POST /my-index3/_doc/
{
  "text": "The sun is larger than the moon but appears the same size in the sky because it is much further away.",
  "rerank_text": "The sun is larger than the moon but appears the same size in the sky because it is much further away."
}

POST my-alias/_search
{
  "retriever": {
    "text_similarity_reranker": {
      "retriever": {
        "standard": {
          "query": {
            "match": {
              "text": "moon"
            }
          }
        }
      },
      "field": "rerank_text",
      "inference_id": "ms-marco-minilm-l-6-v2",
      "inference_text": "How often does the moon hide the sun?",
      "rank_window_size": 100
    }
  }
}

benwtrent · 2025-01-09T16:20:41Z

@Mikep86

I tried add the following to 70_text_similarity_rank_retriever.yml and it doesn't fail.

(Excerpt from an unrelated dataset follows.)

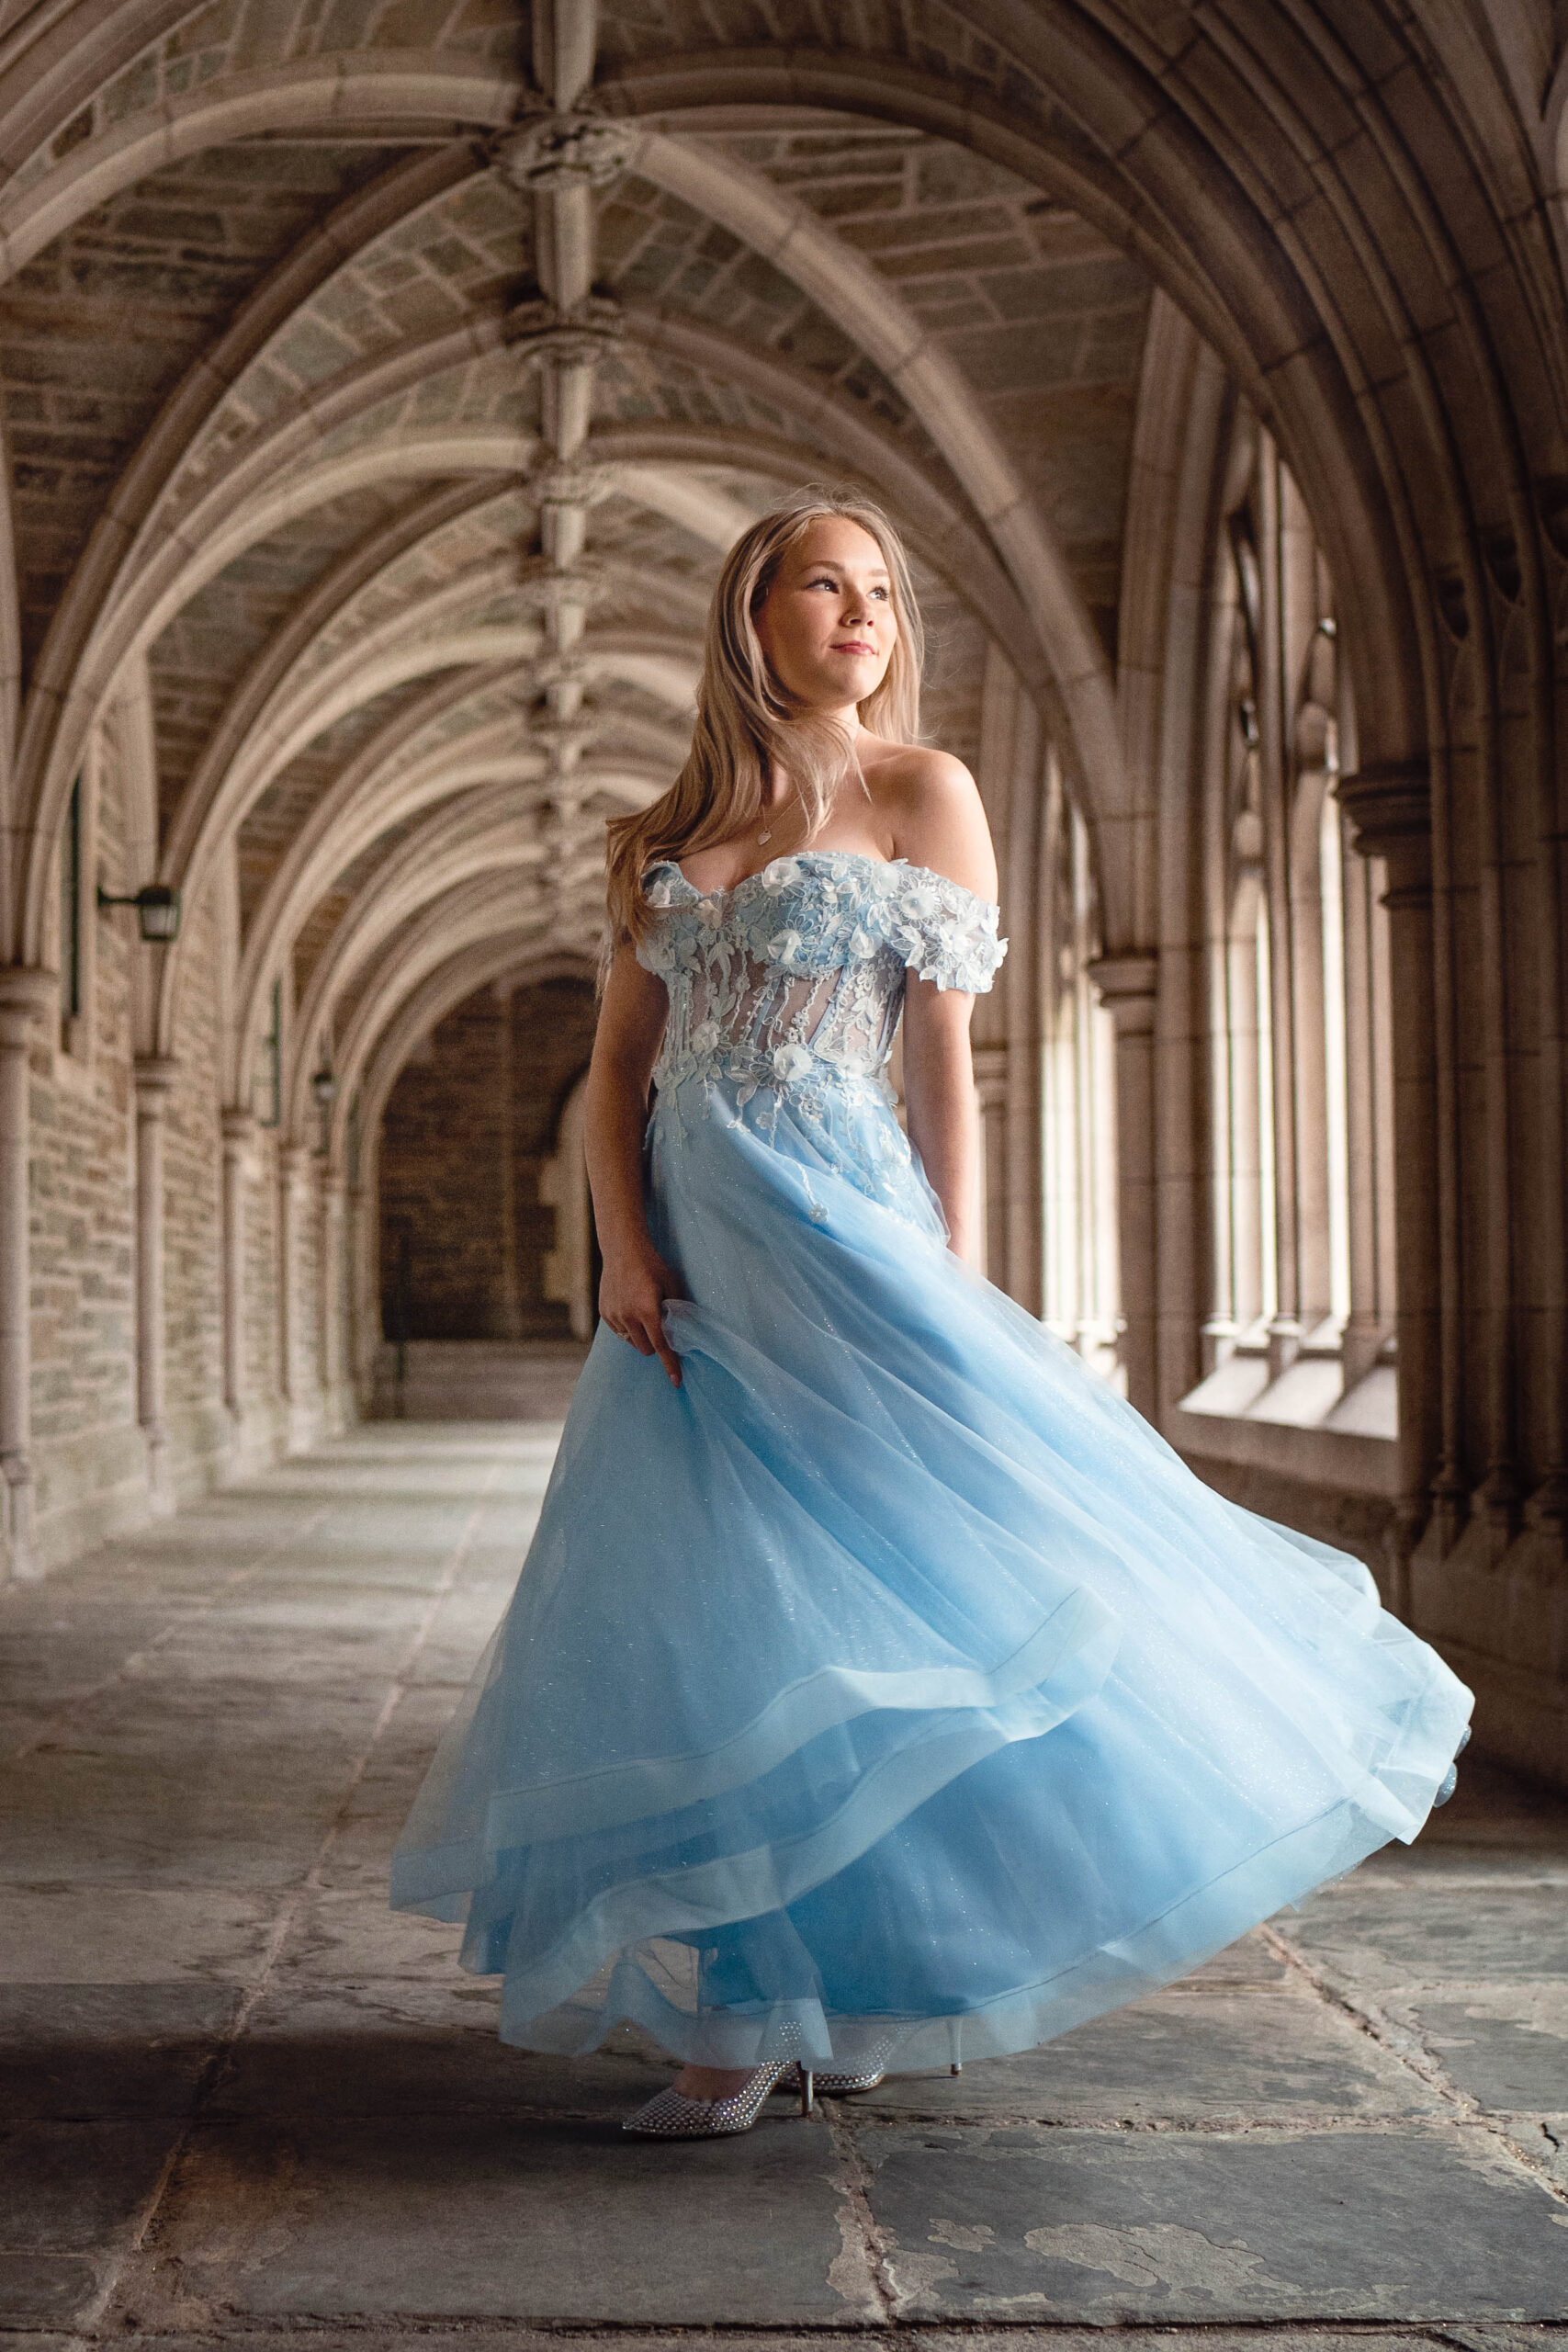 beautiful blonde high school senior wearing a light blue fairytale gown in a castle like setting

Does it need to be more than one node?

I am trying to see about a test that is repeatable in our CI for whomever needs to fix this.

---
"text similarity ranking with empty indices":
  - do:
      indices.create:
        index: test-index-empty-1
        body:
          mappings:
            properties:
              text:
                type: text
              rerank_text:
                type: text

  - do:
      indices.create:
        index: test-index-empty-2
        body:
          mappings:
            properties:
              text:
                type: text
              rerank_text:
                type: text

  - do:
      indices.create:
        index: test-index-empty-3
        body:
          mappings:
            properties:
              text:
                type: text
              rerank_text:
                type: text

  - do:
      indices.put_alias:
        index: test-index-empty-1
        name: empty-alias

  - do:
      indices.put_alias:
        index: test-index-empty-2
        name: empty-alias

  - do:
      indices.put_alias:
        index: test-index-empty-3
        name: empty-alias

  - do:
      index:
        index: test-index-empty-2
        body:
          text: "The moon occasionally covers the sun during an eclipse."
          rerank_text: "The moon occasionally covers the sun during an eclipse."
        refresh: true

  - do:
      index:
        index: test-index-empty-2
        refresh: true
        body:
          text: "Solar eclipses are a type of eclipse that occurs when the Moon passes between the Earth and the Sun."
          rerank_text: "Solar eclipses are a type of eclipse that occurs when the Moon passes between the Earth and the Sun."

  - do:
      index:
        index: test-index-empty-1
        refresh: true
        body:
          text: "How often does the moon hide the sun? This happens during a solar eclipse."

  - do:
     index:
       index: test-index-empty-3
       refresh: true
       body:
        text: "The sun is larger than the moon but appears the same size in the sky because it is much further away."
        rerank_text: "The sun is larger than the moon but appears the same size in the sky because it is much further away."

  - do:
      search:
        index: empty-alias
        body:
          track_total_hits: true
          retriever: {
            text_similarity_reranker: {
              retriever:
                {
                  standard: {
                    query: {
                      match: {
                        text: "moon"
                      }
                    }
                  }
                },
              rank_window_size: 10,
              inference_id: my-rerank-model,
              inference_text: "How often does the moon hide the sun?",
              field: rerank_text
            }
          }
          size: 10

Mikep86 · 2025-01-09T20:21:56Z

@benwtrent I'm having trouble getting this to reliably fail as well. I'm confident the issue is triggered when there are no docs to rerank, but the fetch search phase is run. The complication is that there's logic in the fetch search phase to short-circuit when there are no docs to fetch (here and here). However, the existence of the bug tells us that this short-circuit logic isn't always enough. I will continue investigating to try to figure out the combination of factors that reproduces the issue.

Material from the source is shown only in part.